Orthodontic apps aimed at clinicians are focused on clinical education, treatment planning, diagnostic aids and product marketing.4,5,6 The Easy IOTN app aims to assist in improving the standard and accuracy of orthodontic referrals, as well as supporting the training of junior dentists.7 This freely downloaded app uses a step-by-step process which recognises the key orthodontic features to indicate the IOTN score for a particular malocclusion. For DHC scoring, the user is requested to input specific clinical features of the malocclusion. The app then leads the user onto the AC scoring section and requests a front-facing photograph of the patient's teeth. This clinical photograph is then compared to ten colour photographs displaying increasing aesthetic detriment to rank the patient's level of dental attractiveness. The final page of the app provides the DHC and AC scores for the patient and makes suggestions on whether the patient may or may not qualify for NHS orthodontic treatment. Combining healthcare tools with technology is an innovative way of improving clinical effectiveness; however, this new technology should be validated and proven to be reliable. Within the literature, limited studies have been undertaken assessing the reliability of orthodontic diagnostic apps.8 In contrast, within the medical field, conflicting data exist regarding the diagnostic app reliability.9,10

The primary aim of this study was to investigate reliability of the Easy IOTN app between clinicians with different levels of experience in determining IOTN DHC and AC scores from study models. Furthermore, the accuracy of each clinician in discriminating treatment need using the Easy IOTN app against the 'gold standard' conventional assessment at the threshold of NHS treatment acceptance criteria was explored.

Materials and methods

This study was classified as a service evaluation by the Research and Innovation office at Medway Maritime Hospital (MMH) (R&D reference 1143). No patient-identifiable data were collected as part of the study protocol. Complete high-quality standardised pre-treatment study models representing a range of malocclusions were identified from the orthodontic department at MMH. Prior to selecting the models, it was agreed by consensus between the authors that a range of models representing varying degrees of severity as classified by IOTN DHC (1-5) should be included. As the sample of models was being selected from a secondary care environment, it was expected that most of the models would represent malocclusions classified within the severe need of treatment category (IOTN DHC 5 and 4). Study models of patients requiring orthognathic surgery and cleft lip and palate patients were excluded. The selection of these models was undertaken by a member of staff not involved in scoring of the models. All models were anonymised and consecutively numbered. An additional 20 models representing milder malocclusions (IOTN DHC 3-1) were sourced from two local private practices. Consent for the use of these study models was obtained previously. Based on a previous reliability study for an index of orthodontic treatment need,11 a sample size of 150 sets of pre-treatment study models was agreed as an adequate sample size.

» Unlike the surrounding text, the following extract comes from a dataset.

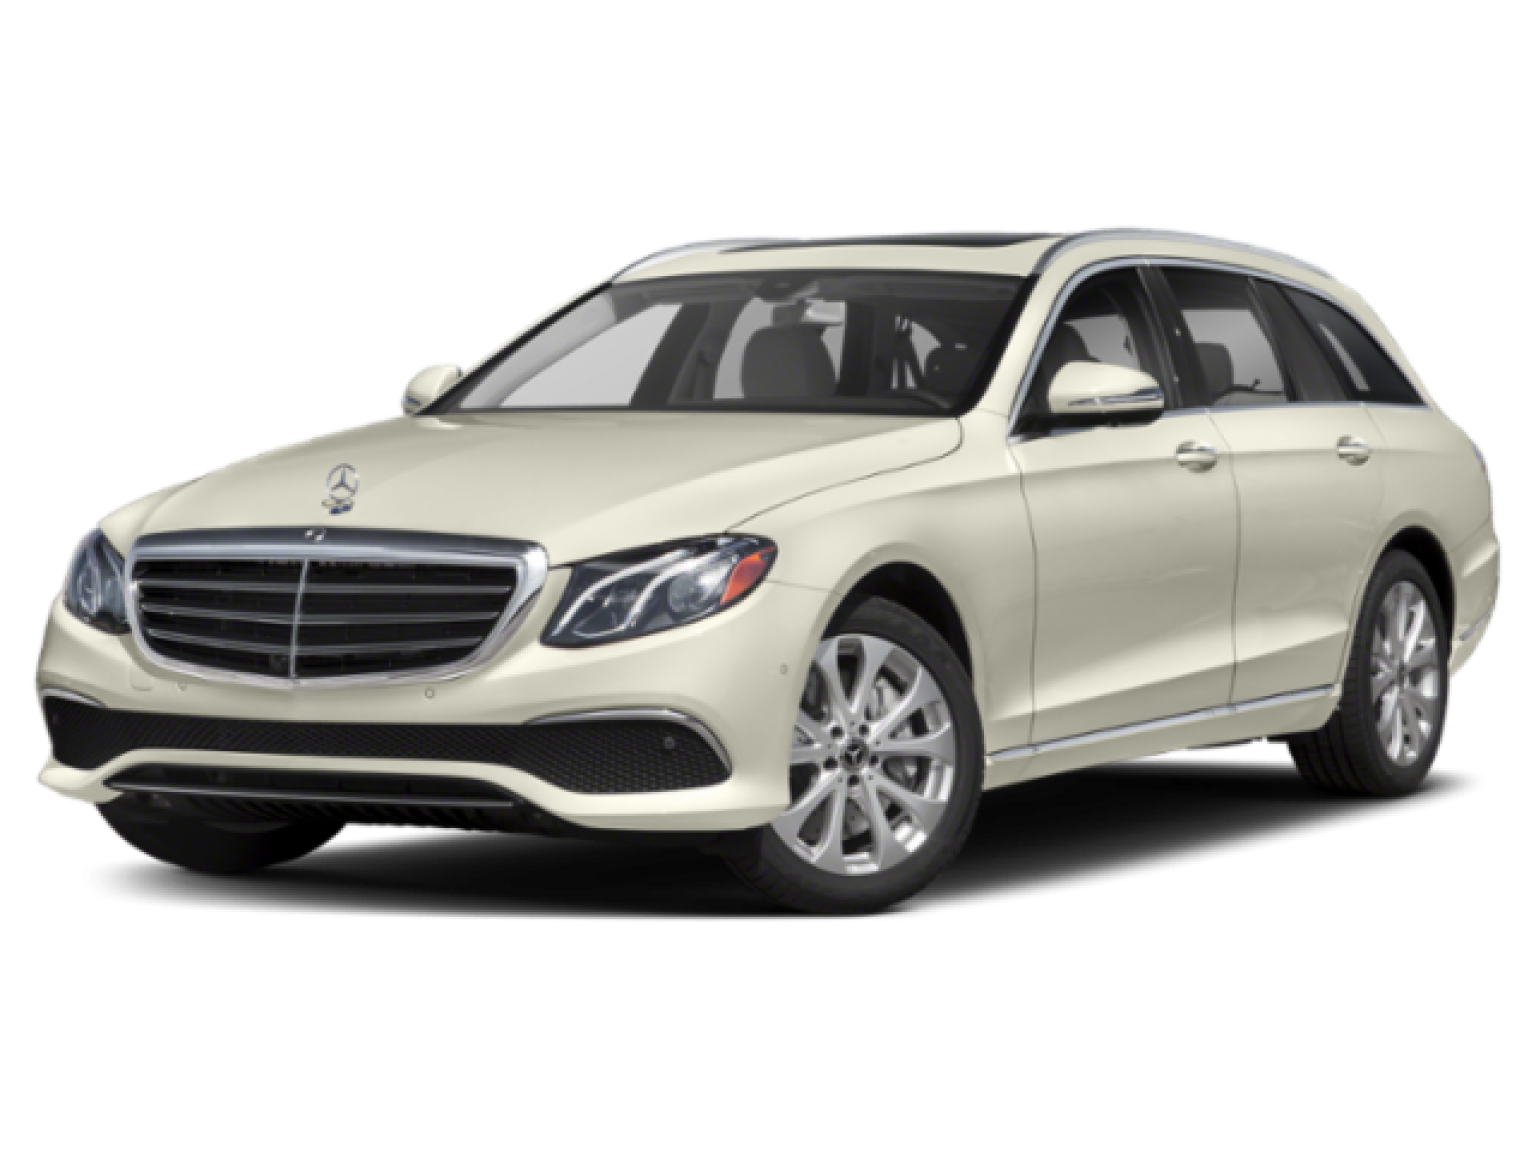  Mercedes-Benz E450 oem parts and accessories on sale

All orthodontic clinicians working in the orthodontic department at MMH agreed to participate in the study. This included seven clinicians of varying grades and different levels of experience. These were three orthodontic consultants (C1, C2, C3), one specialist orthodontist (SO), one dentist with special interest in orthodontics (DWSI), one postgraduate orthodontic student (PS) and one orthodontic therapist (OT). One senior clinician (C1) calibrated in scoring IOTN was selected to be the 'expert' examiner and scored the study models using the conventional technique.12 This involved scoring treatment need directly from study models using an IOTN ruler, conventional ruler (mm), pencil and the associated IOTN DHC descriptors and AC photographs. The remaining six clinicians were assigned to score the models using the Easy IOTN app after undergoing calibration by completing the CPD training section on the app, which consists of 30 questions. All clinicians, excluding the DWSI and OT, regularly used IOTN to score malocclusions on their routine clinics. The DSWI and OT worked on treatment-only clinics, which did not require the regular use of IOTN. Both the DHC and AC of IOTN can be assessed from study models when a dental cast protocol is applied.13 This protocol assumes the worst-case scenario with regard to the malocclusion. Based on this protocol, an adapted protocol was devised to ensure consistency during the scoring of the models at both time-points with the app (Table 1).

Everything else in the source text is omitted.